Nel maggio del 1941 l’Italia, con la Germania, invade la Slovenia e ne annette la parte meridionale, che diventa la Provincia Italiana di Lubiana. Nell’area, dove vivevano circa 320.000 persone, sorge subito un movimento di resistenza, guidato dai comunisti sloveni, per contrastare il quale l’Italia fascista invia un esercito di circa 60.000 uomini, che mette in atto una feroce repressione e una vera e propria guerra ai civili, durante la quale, in appena due anni, circa 50.000 sloveni o persero la vita o subirono gravissime offese. Esemplari sono le parole del Generale Roatta, comandante le truppe italiane, che nel marzo del ’42, all’interno della famigerata circolare 3C, stabiliva che “il trattamento da fare ai ribelli non deve essere sintetizzato dalla formula «dente per dente», ma bensì da quella «testa per dente»”. Gli farà eco il suo sottoposto, generale Robotti, che in una nota ai suoi soldati osserva che “si ammazza troppo poco!”. Oltre a uccisioni, incendio di villaggi e altre violenze di vario tipo, l’esercito italiano colpisce la popolazione slovena con deportazioni di massa, tra cui donne e bambini, nel tentativo di creare terra bruciata intorno ai resistenti.
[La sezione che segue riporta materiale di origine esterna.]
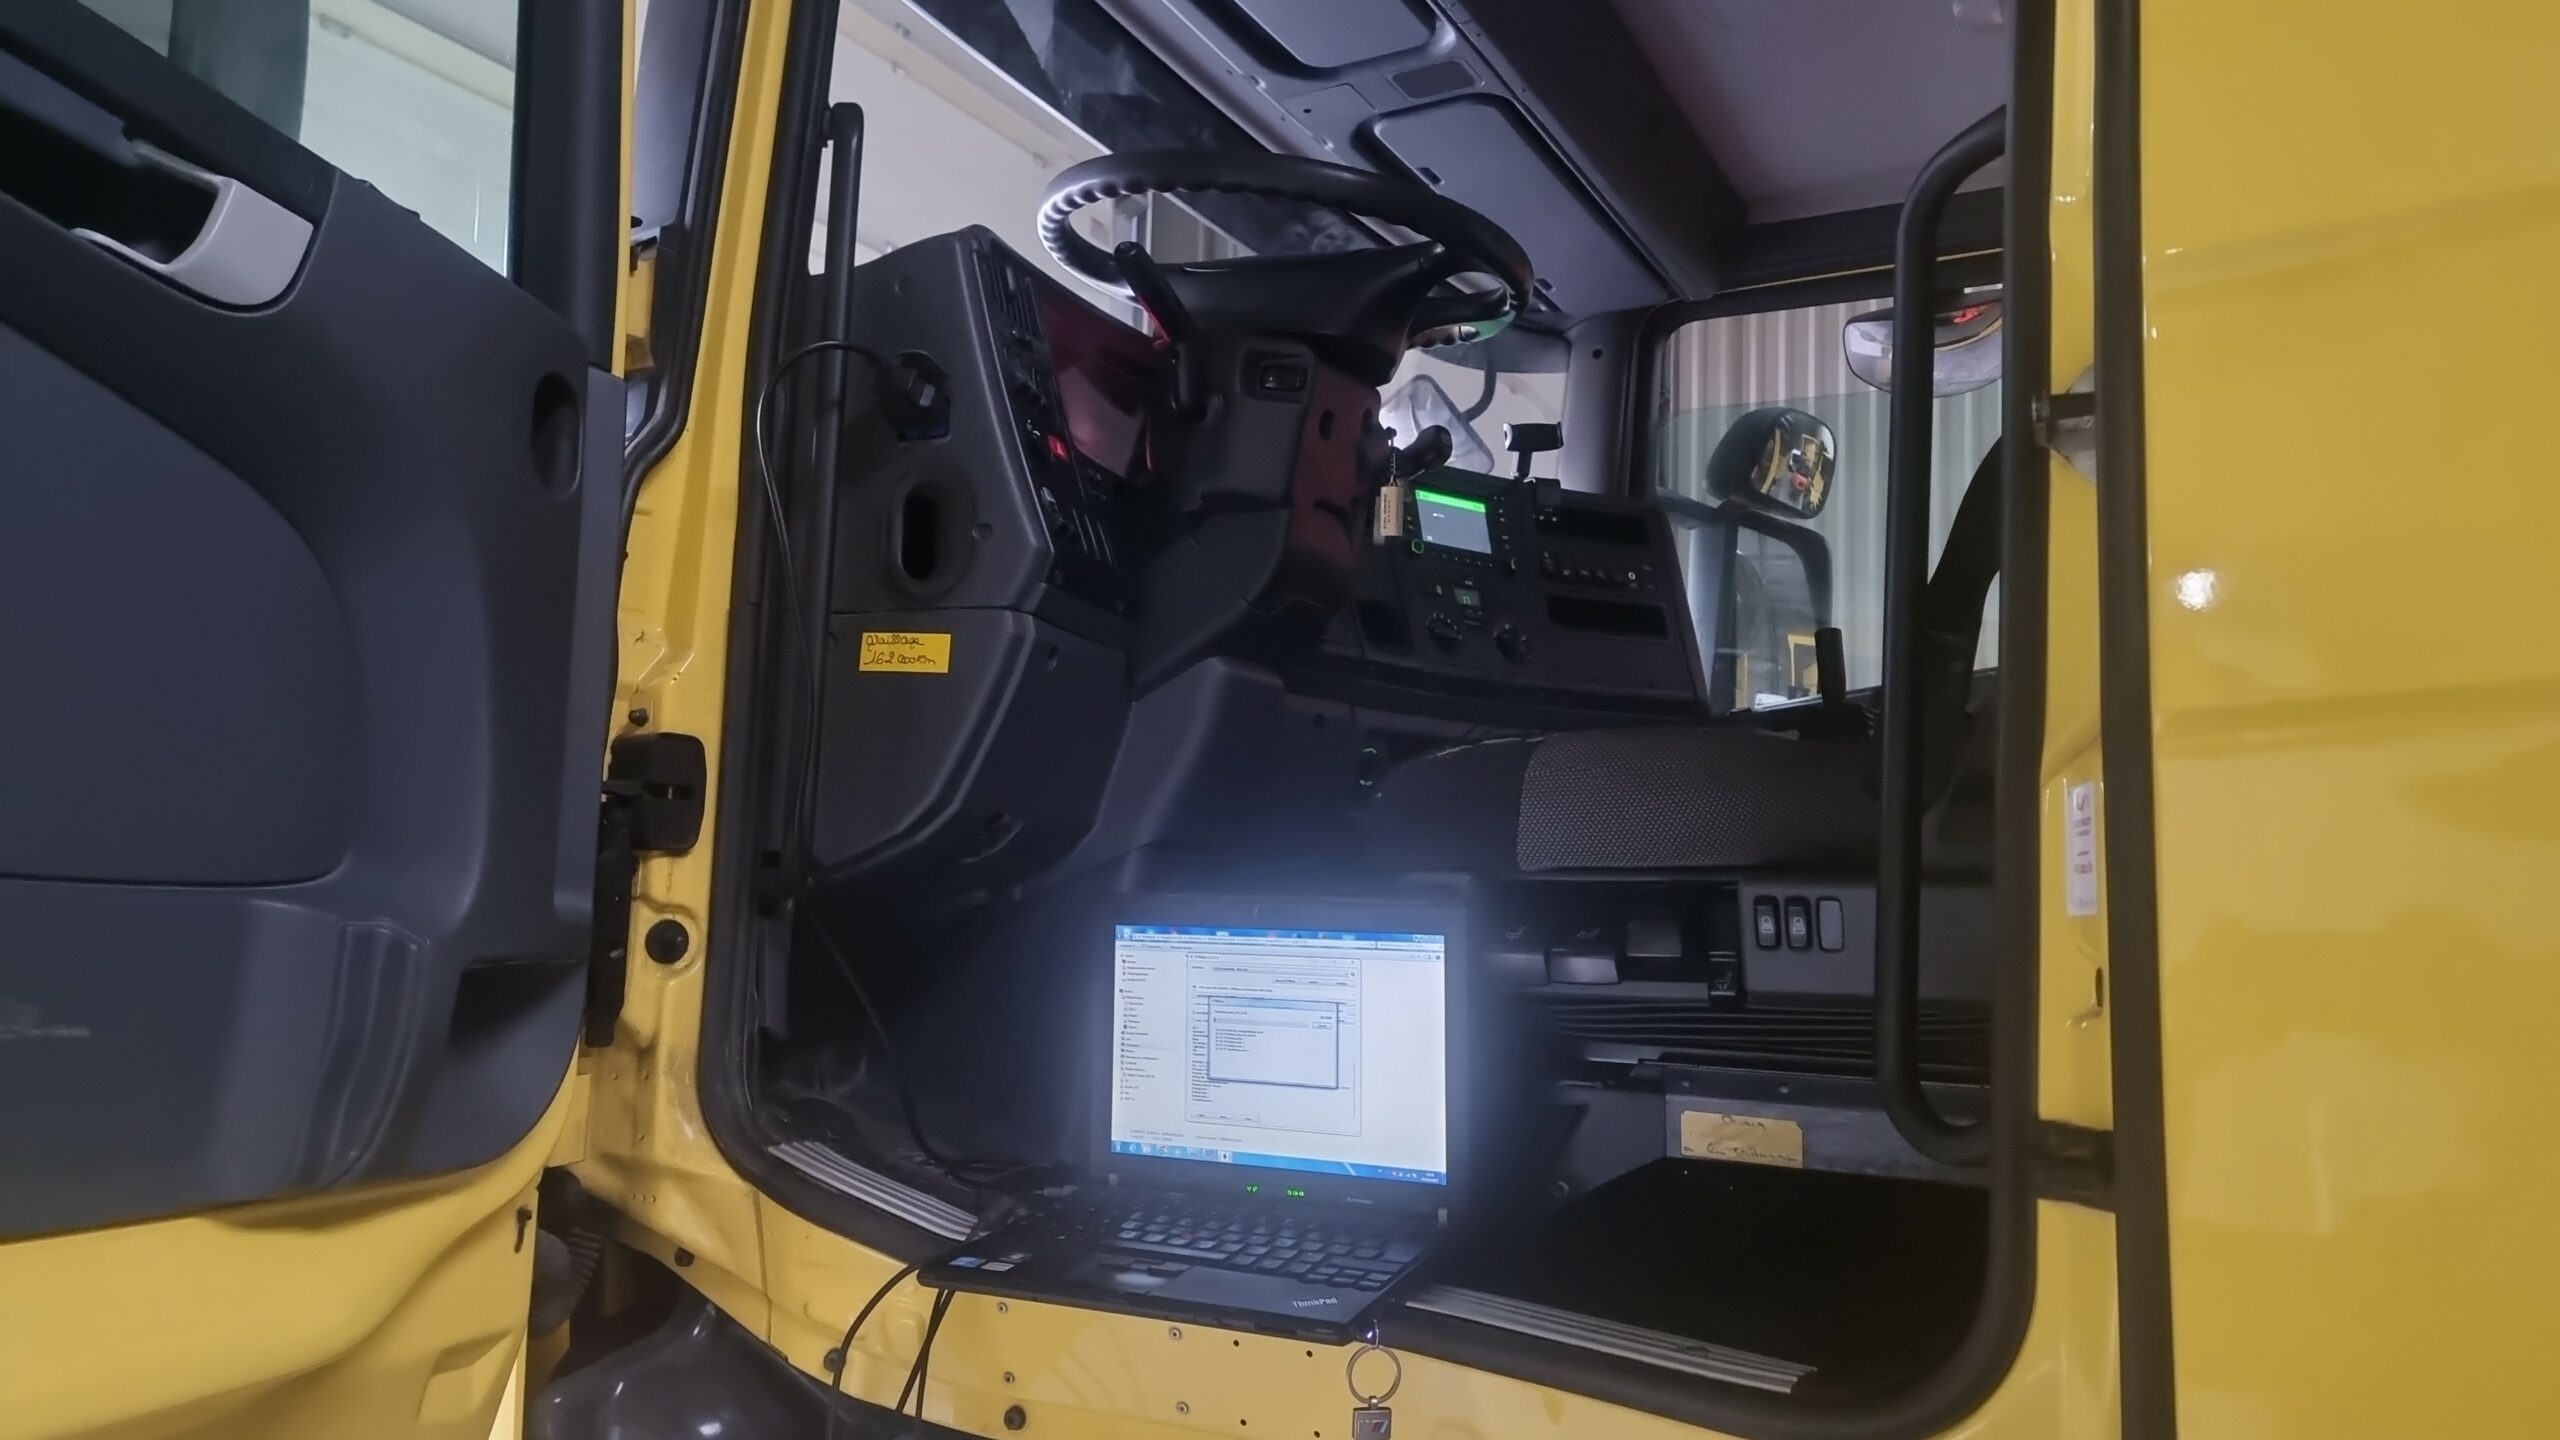 Fap encrassé Scania G410 - Taux de suie 127% - Solutions possibles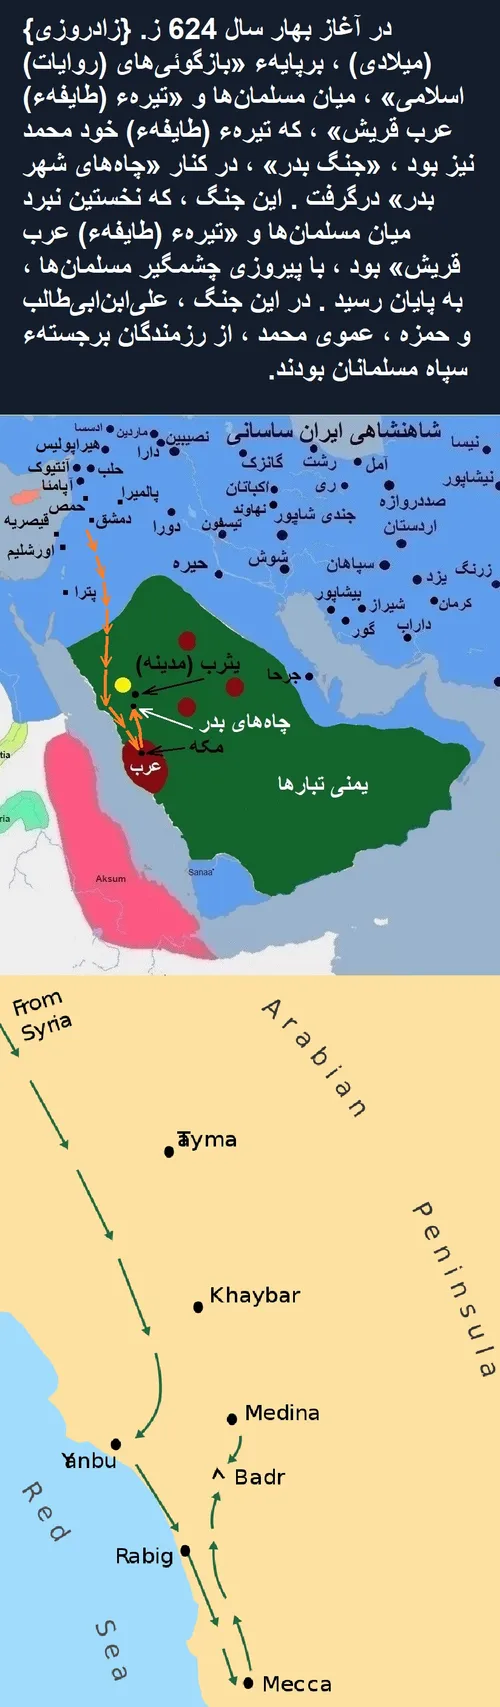 تاریخ کوتاه ایران و جهان-773 (ویرایش 2)

I deportati sloveni, assieme ad altri croati, montenegrini, greci ed ebrei, per un totale di circa 100.000 persone, vengono internati in una serie di campi di concentramento, sparsi per Slovenia, Croazia e Italia, dove circa 5.000 di loro moriranno a causa di fame, freddo e malattie legate alle terribili condizioni di detenzione, intenzionalmente applicate dagli italiani. Illuminanti sono le affermazioni del generale Gambara che nel ’43, riferendosi al campo sull’isola di Arbe (Rab), scrisse “Logico e opportuno che campo di concentramento non significhi campo di ingrassamento. Individuo malato uguale individuo che sta tranquillo”. Ad Arbe, su un totale di circa 10.000 civili deportati, compresi donne, vecchi e bambini, circa 1500 morirono per le condizioni di detenzione. Il più piccolo aveva meno di un anno, il più vecchio oltre novanta.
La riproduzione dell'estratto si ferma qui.